Prudential closes $2.6bn longevity reinsurance deals in pre-Brexit rush
Prudential Retirement, a unit of Prudential Financial, has completed approximately $2.6 billion in previously undisclosed longevity reinsurance contracts, assuming the longevity risks of about 16,000 pensioners, ahead of Brexit.
Prudential said the transactions highlights an "unprecedented start to the 2019 UK pension risk transfer market".
According to the company, the UK pension risk transfer market experienced a rush at the start of this year to finalise the de-risking agreements prior to the original March 29 Brexit deadline.
Now that the Brexit deadline has been extended until late October, pensions that have not yet transacted have an unexpected window to move forward and de-risk.
“Pension schemes that can afford to de-risk have raced forward in the opening months of 2019, taking advantage of the window before Brexit to reduce their risks and lock in gains,” said Amy Kessler, head of longevity reinsurance at Prudential Financial.

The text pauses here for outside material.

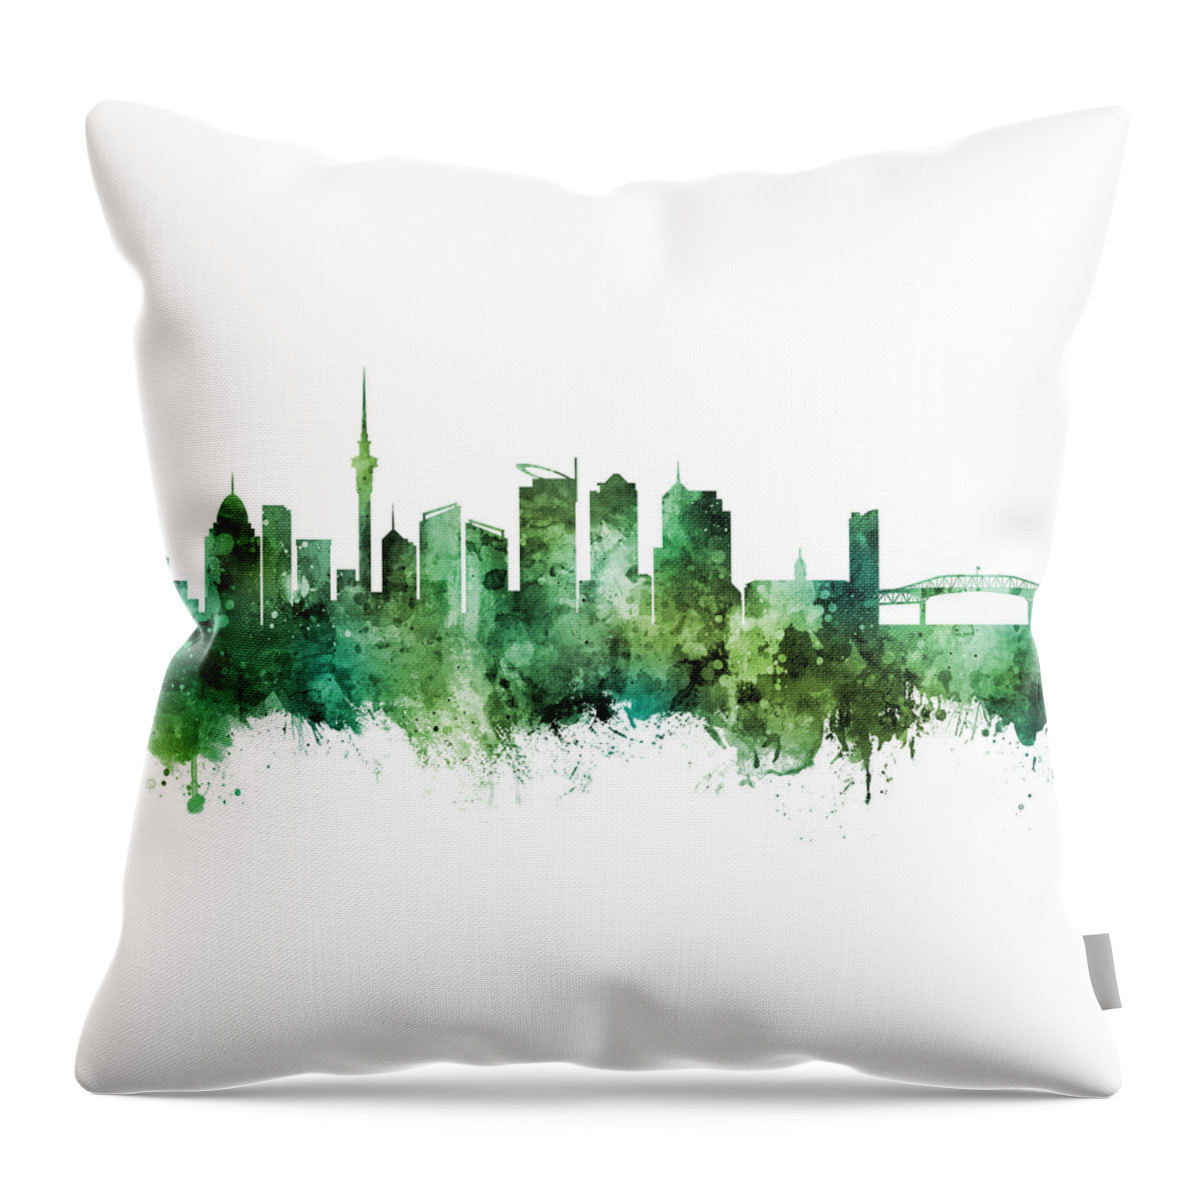 Auckland Throw Pillow featuring the digital art Auckland New Zealand Skyline #38 by Michael Tompsett

“Brexit brings increasing levels of uncertainty that could wash away recent market gains and funding improvements, putting de-risking out of reach for those with lower hedge ratios. But with funding at the highest levels in a decade, pensions are de-risking at an unprecedented pace,” Kessler added.
Christian Ercole, vice president at Prudential Financial, added: “Another impetus to de-risk is the notable decline in U.K. mortality rates during the last 10 months. The resulting level of market activity favours insurers and reinsurers who have invested in their pricing and analytics teams, and it also favours pension funds that come prepared with credible and complete data.”